Back Up Heat Source and Boosting Loop Temps

[jeff5may]

Quote:

Originally Posted by wewantutopia

Thanks for the reply.

If we get a 12,000 btu unit does that mean in the coldest months it will run 45 minutes of every hour?

That seems like a lot. Is it?

If it were me, I would probably go with 1 1/2 tons (18kbtu) of capacity. The reason being is your heat load will vary above and below average. During sub-zero temperatures with wind, your heat load may rise above the 1 1/2 tons. The thermal mass indoors should help the house from cooling off too fast, and if not you could always run a backup heat source that 1% (or less) of the year.

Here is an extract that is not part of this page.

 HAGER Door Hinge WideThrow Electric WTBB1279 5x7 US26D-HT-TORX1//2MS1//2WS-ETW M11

A heat pump saves the most energy when it runs constantly without shutting off. With a constant capacity unit, it makes sense to size the unit a little smaller than your maximum heat load. The new inverter units take advantage of this fact with "fuzzy logic" that calculates heat load like your car's cruise control senses hills. When they can slow down a bit to keep demand happy, they avoid cycling on and off to save energy.

[NiHaoMike]

It might make more sense to use a good 12000BTU/hr unit most of the time and a quickly hacked 5000BTU/hr window unit (look up how to build a PC chiller) for extra capacity. You can also build a geothermal heat pump water heater with an extra coil between the outlet of the heat pump and the tank. When extra capacity is needed, run the water heater and a fan on the coil.

[AC_Hacker]

Quote:

Originally Posted by NiHaoMike

Geothermal heat pumps aren't affected much by outdoor temperature.

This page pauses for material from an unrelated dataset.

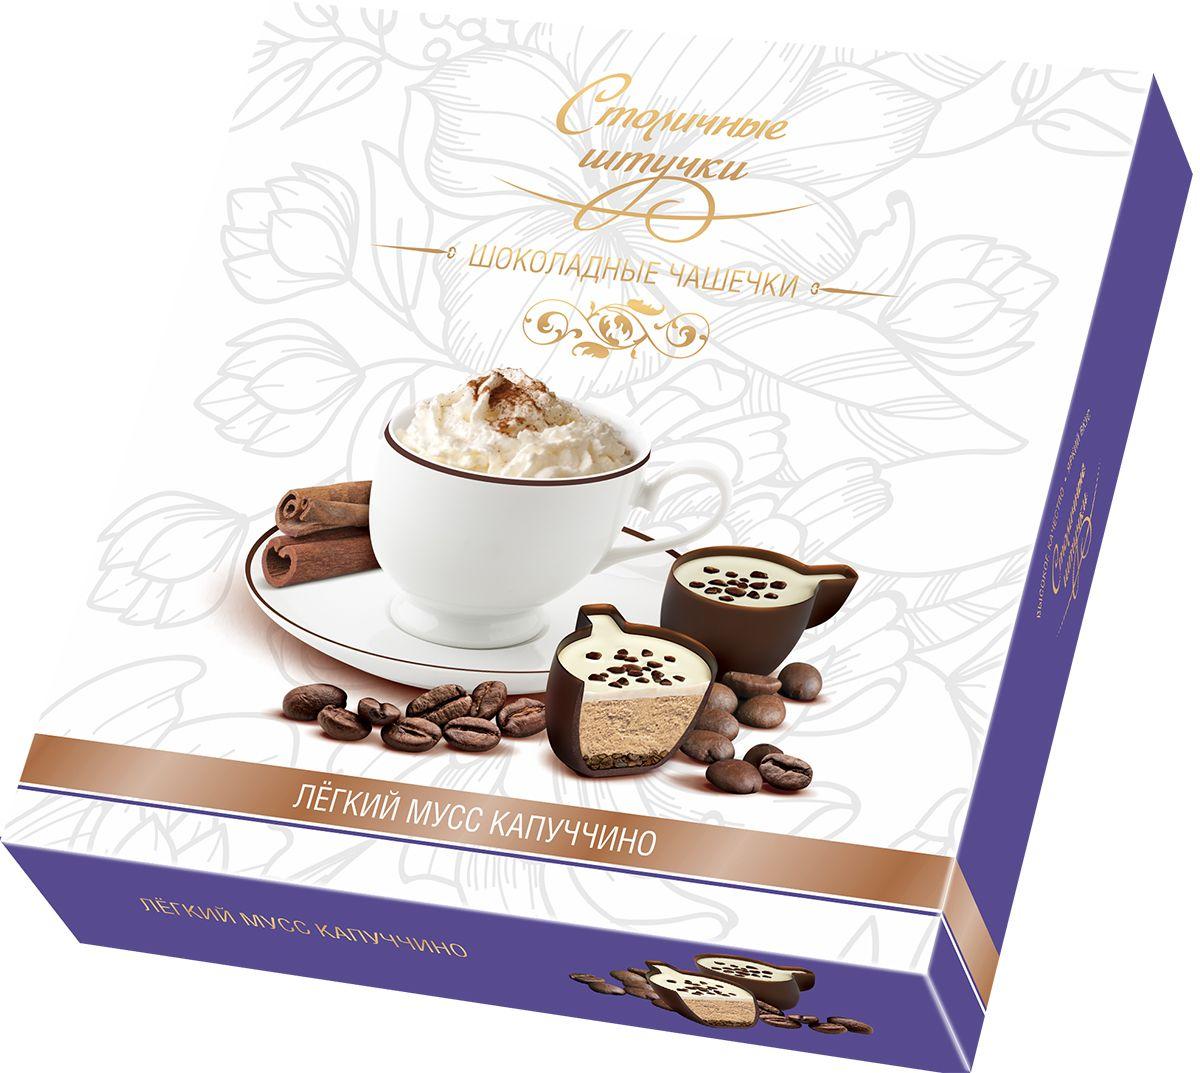 Столичные штучки Конфеты шоколадные Мусс капучино, 104 г0120710Классические шоколадные конфеты с начинкой из нежнейшего воздушного мусса с добавлением натурального кофе в чашечке из настоящего темного шоколада.

This is not the whole story...

The work that a heat pump does is ultimately a function of delta-T. So it is the source or input temp (Ti) minus the 'sink' temperature or output temp, which would be your home (To).

When it gets cold, an ASHP needs to scavenge heat from a declining heat source (cold air)... it also needs to supply heat to an increasing load because your house is leaking heat faster than than it would in warmer periods, so the scenario is the worst of both worlds. Just when you need heat the most, your heat pump's source is in decline.

With a GSHP, the source temp is declining very slowly, so we pretend that it stays the same. However, the heating requirements are increasing. So it is not as unfavorable as a ASHP.

I just did a search on his post, but stevehull posted a very useful graph of his system which showed the ambient temp and also power consumed.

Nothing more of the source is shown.